## Information supplied
==============================

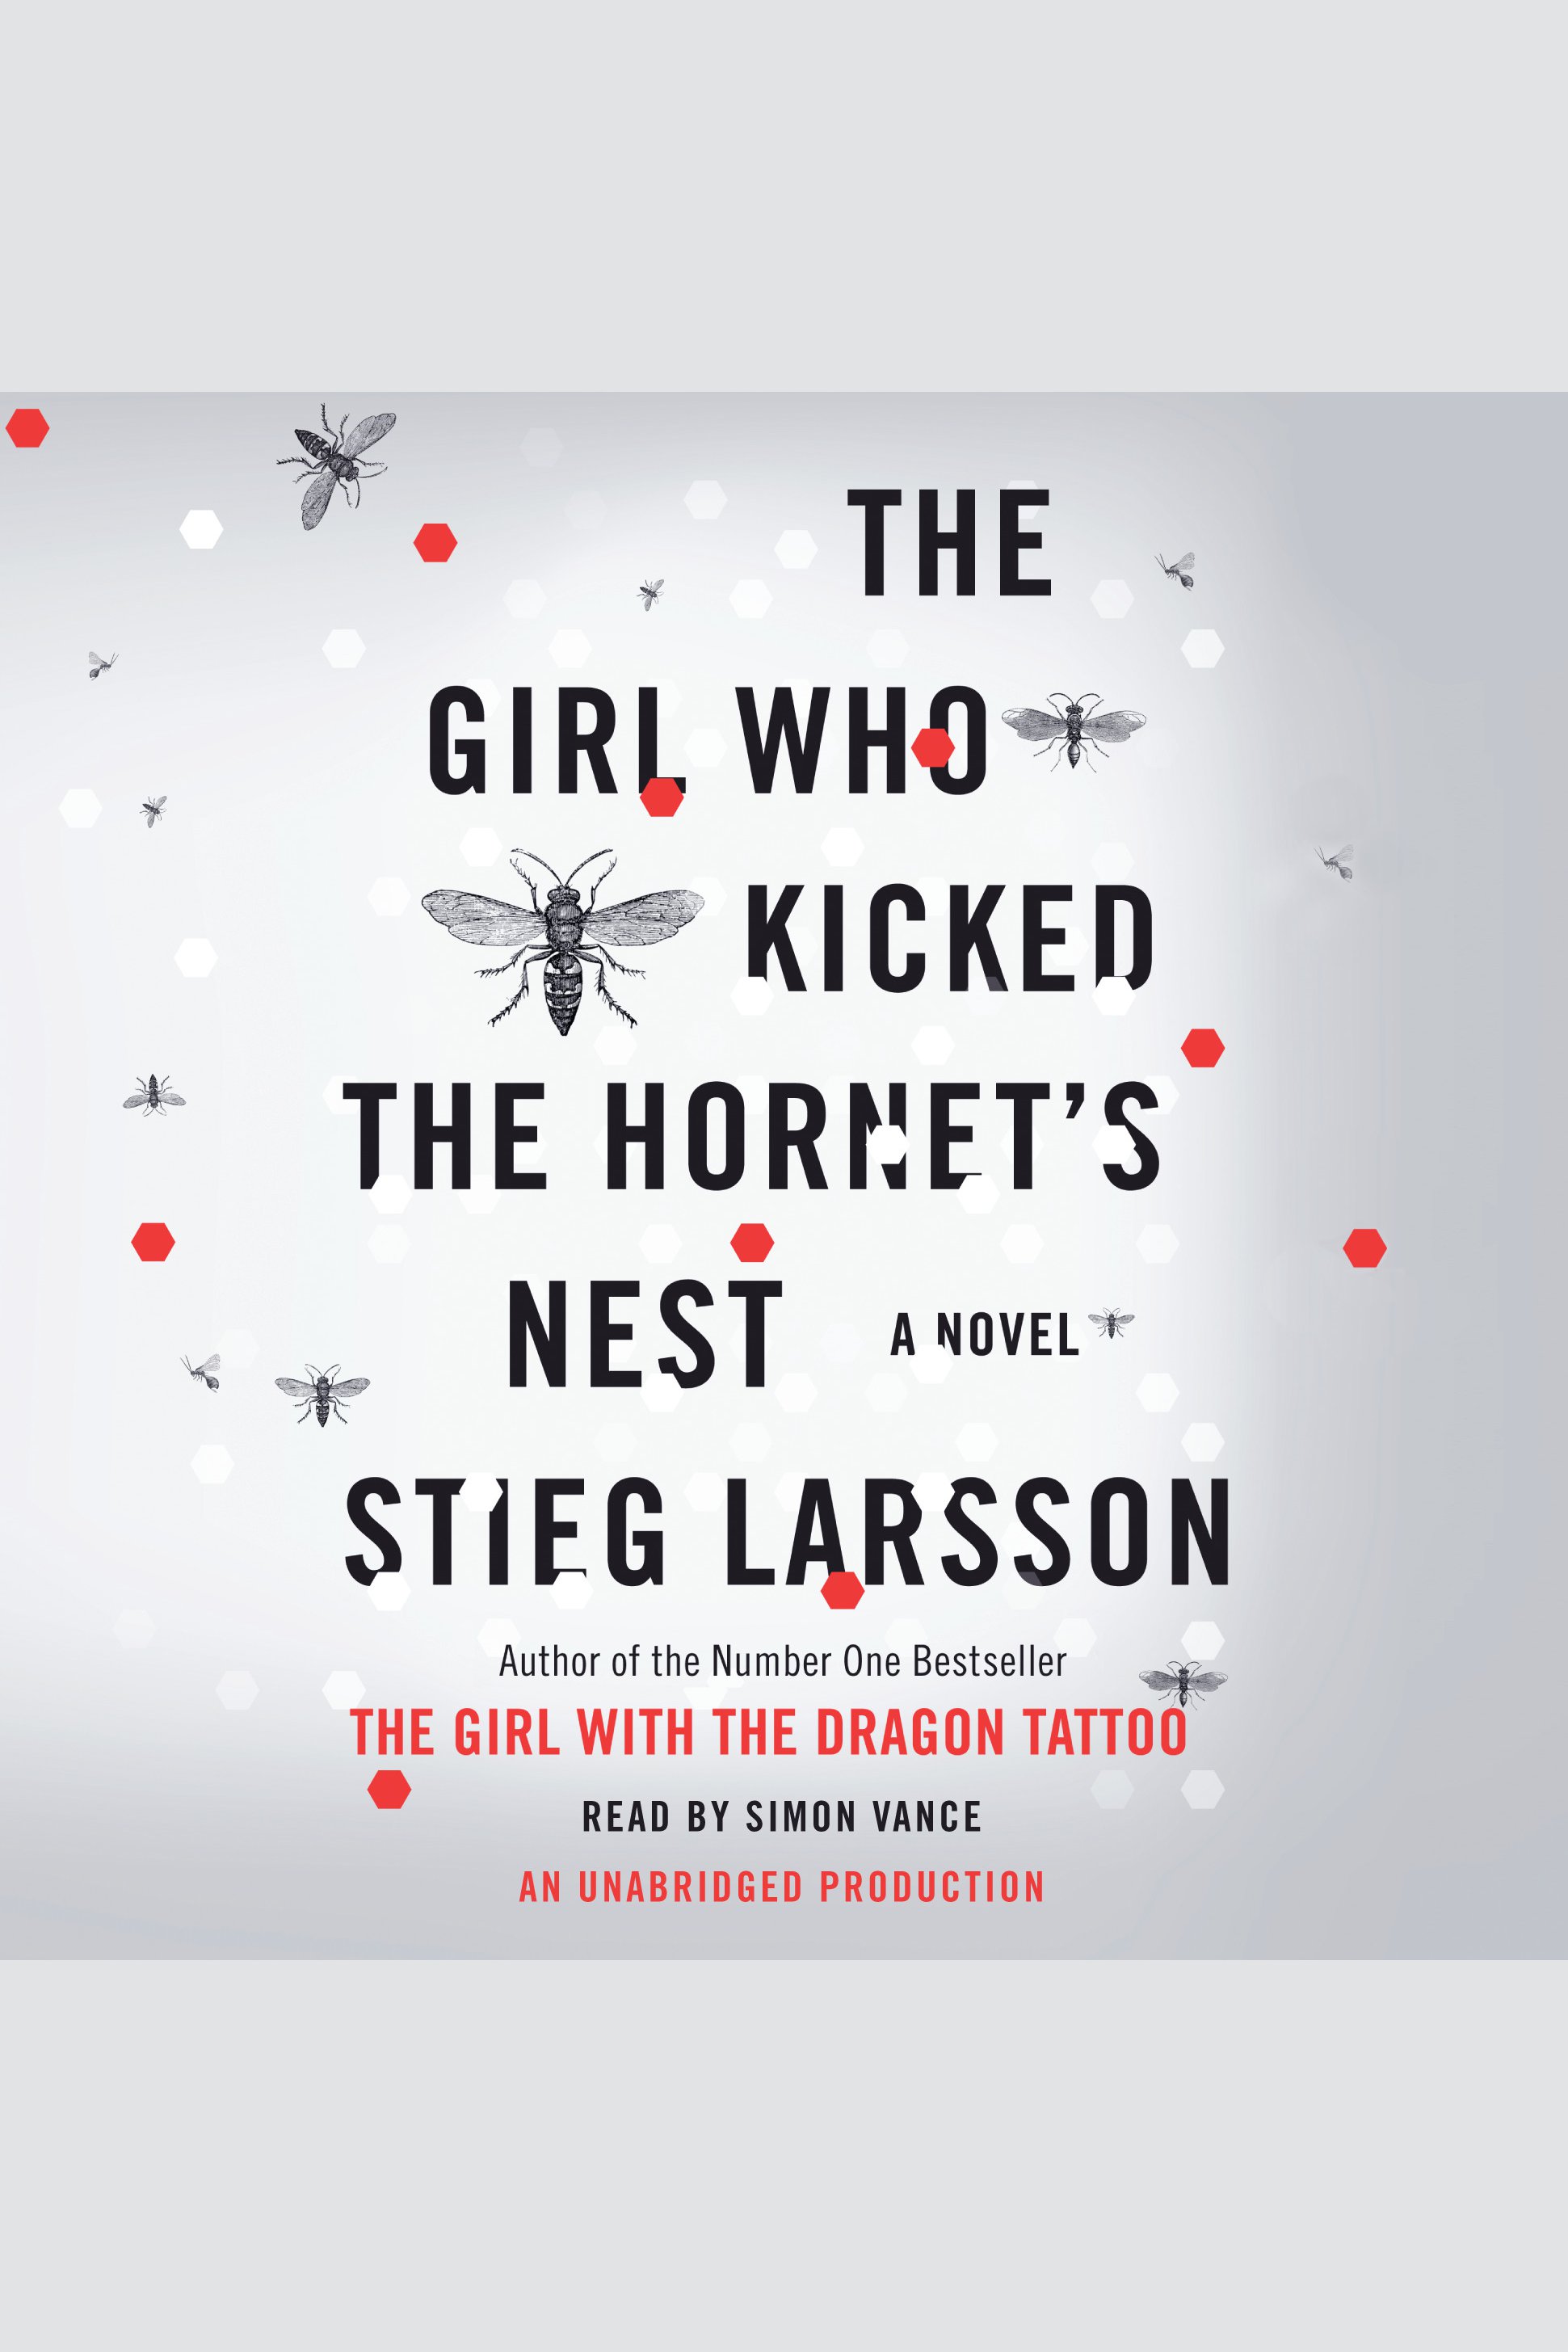 The girl who kicked the hornet's nest cover image
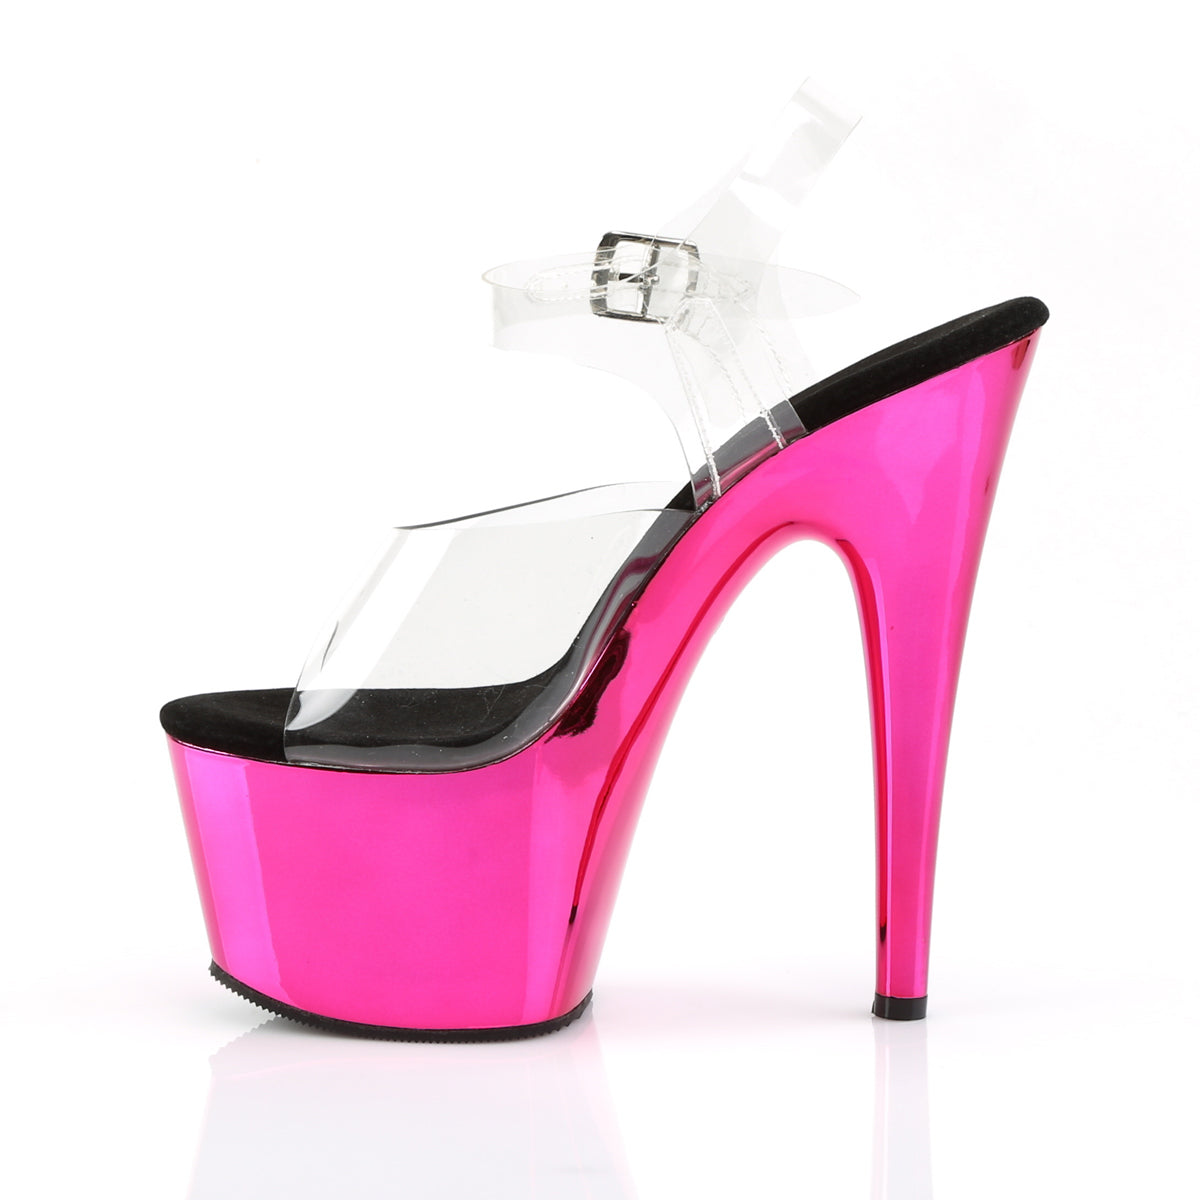 ADORE-708 7 Inch Clear & Hot Pink Chrome Pole Dancer Sandal-Pleaser- Sexy Shoes Pole Dance Heels
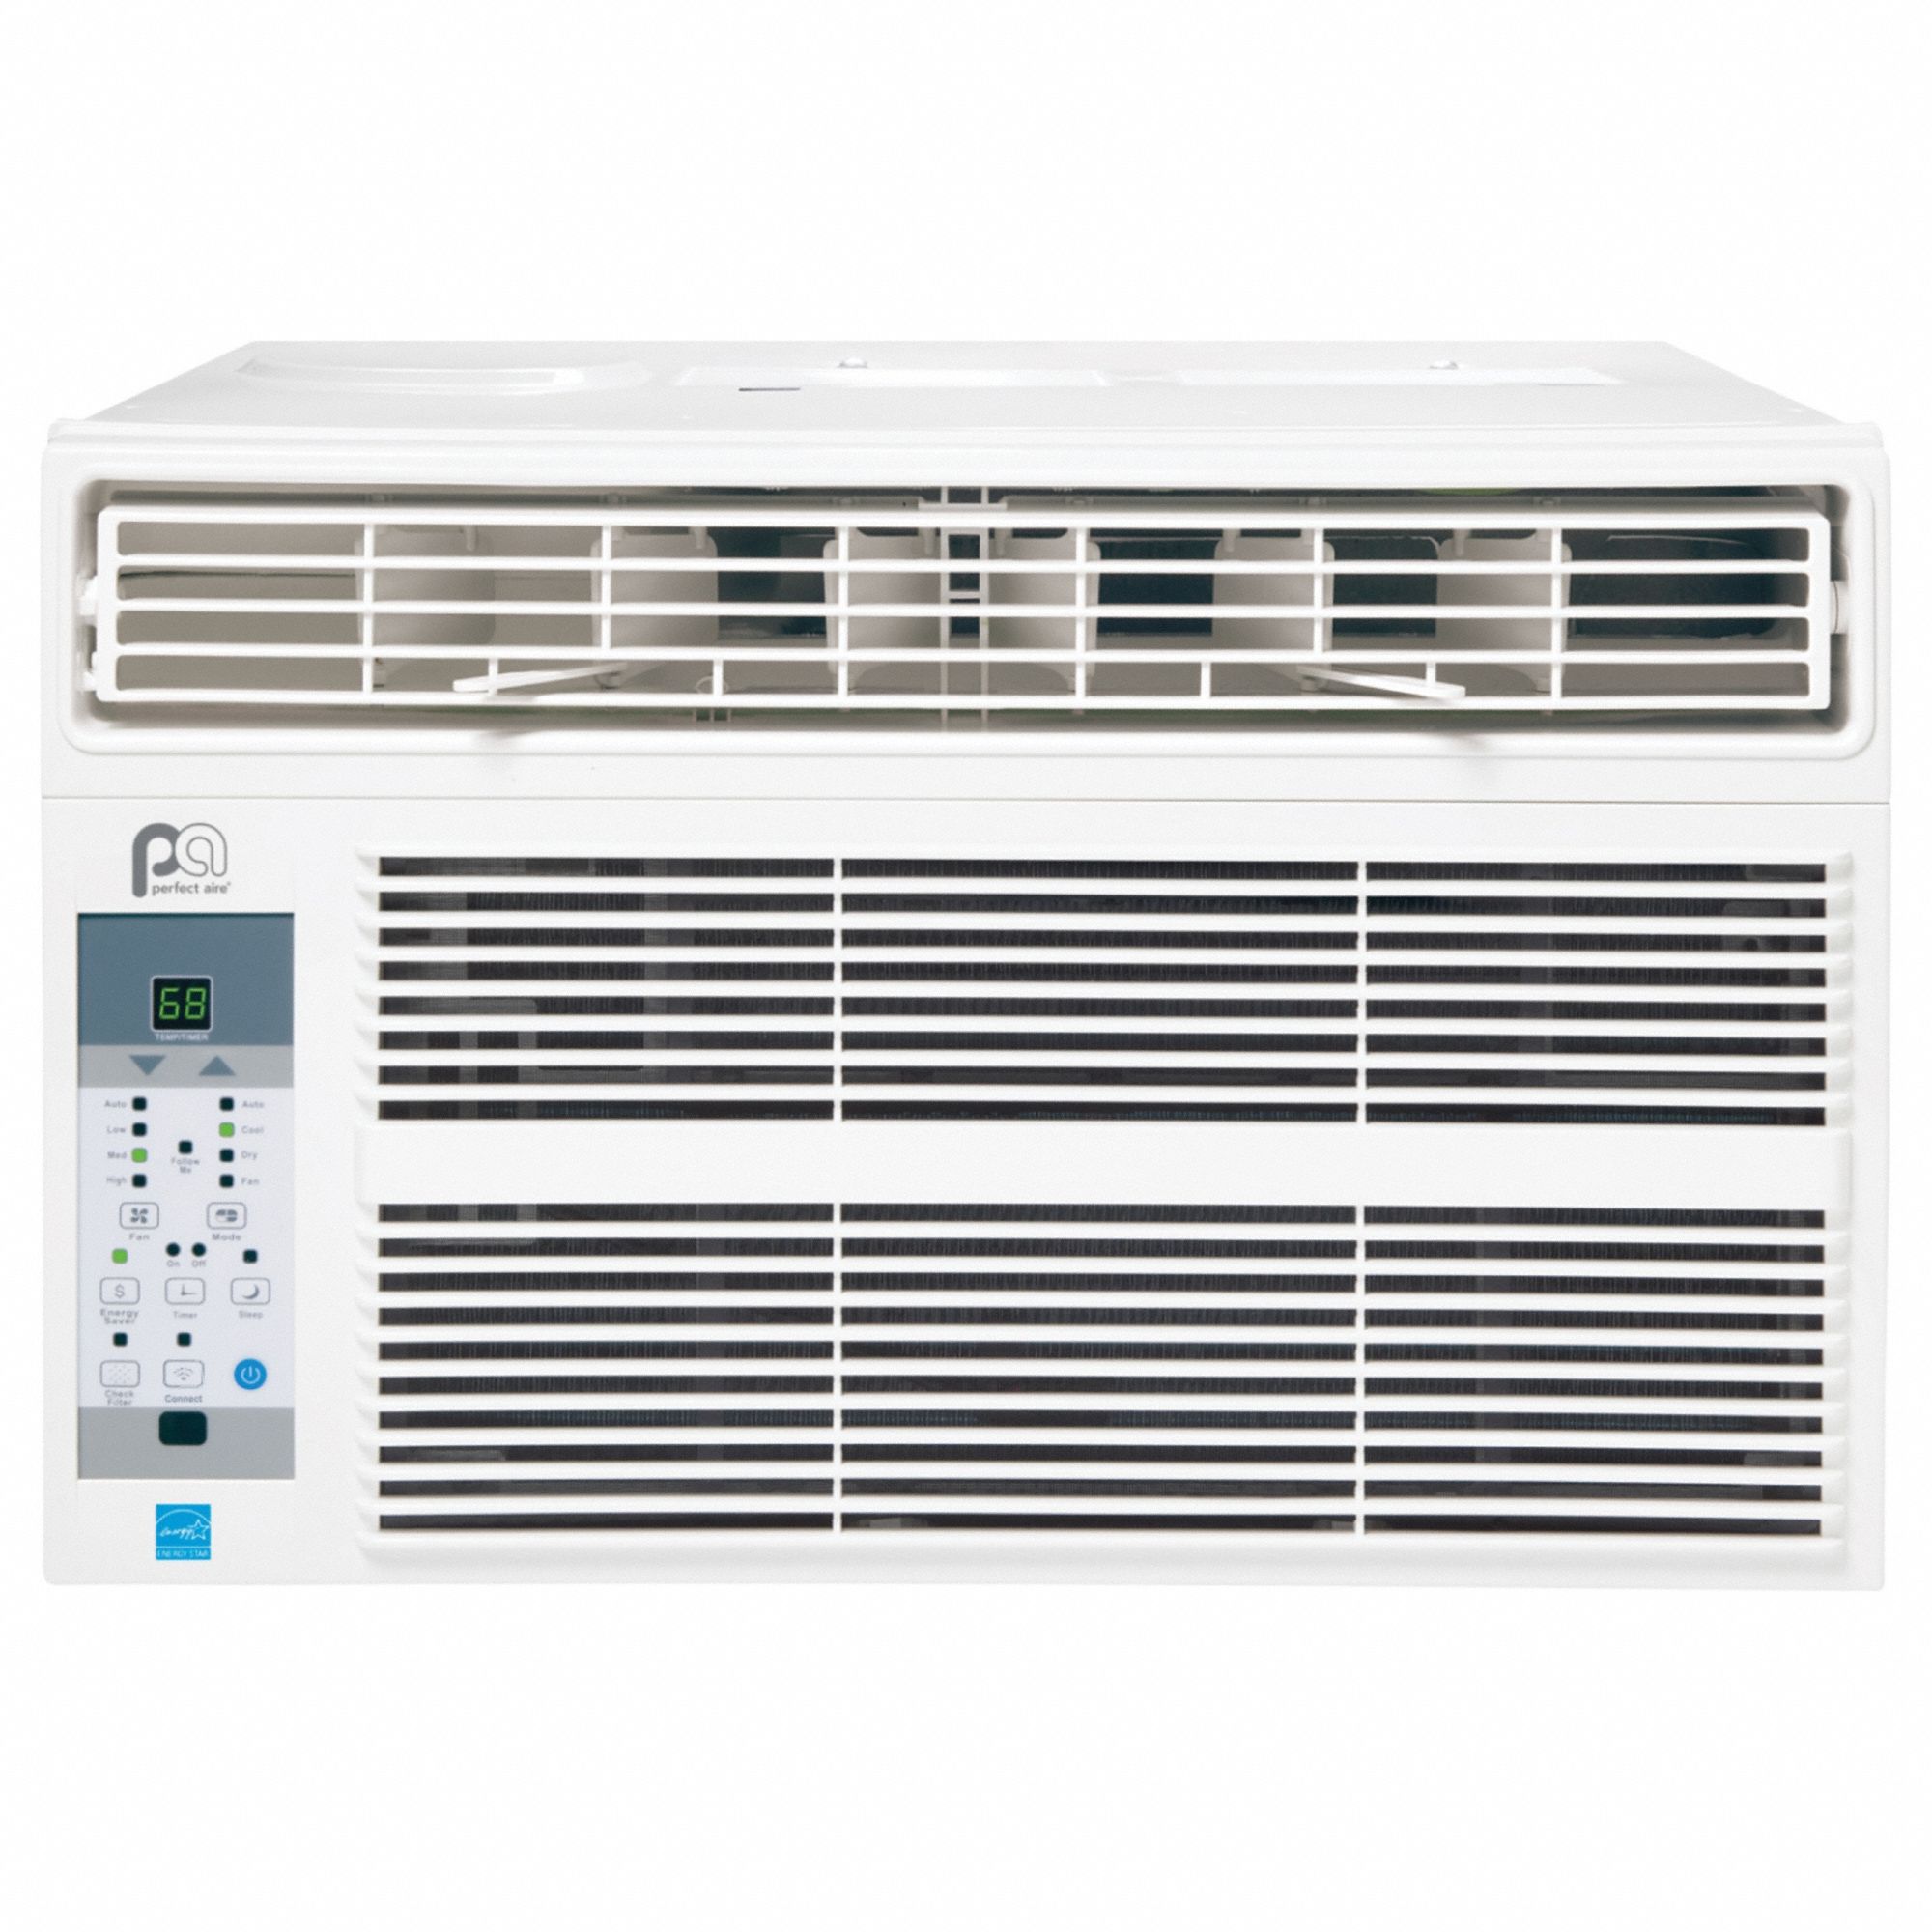 Window Air Conditioner: 14,500 BtuH, 550 to 700 sq ft, 115V AC – 5-15P, Cooling Only

==============================

## Task objective
Please return the whole listing exactly. Do not copy its images.

## Solution to this task
 The girl who kicked the hornet's nest cover image
 ADORE-708 7 Inch Clear & Hot Pink Chrome Pole Dancer Sandal-Pleaser- Sexy Shoes Pole Dance Heels
 Window Air Conditioner: 14,500 BtuH, 550 to 700 sq ft, 115V AC – 5-15P, Cooling Only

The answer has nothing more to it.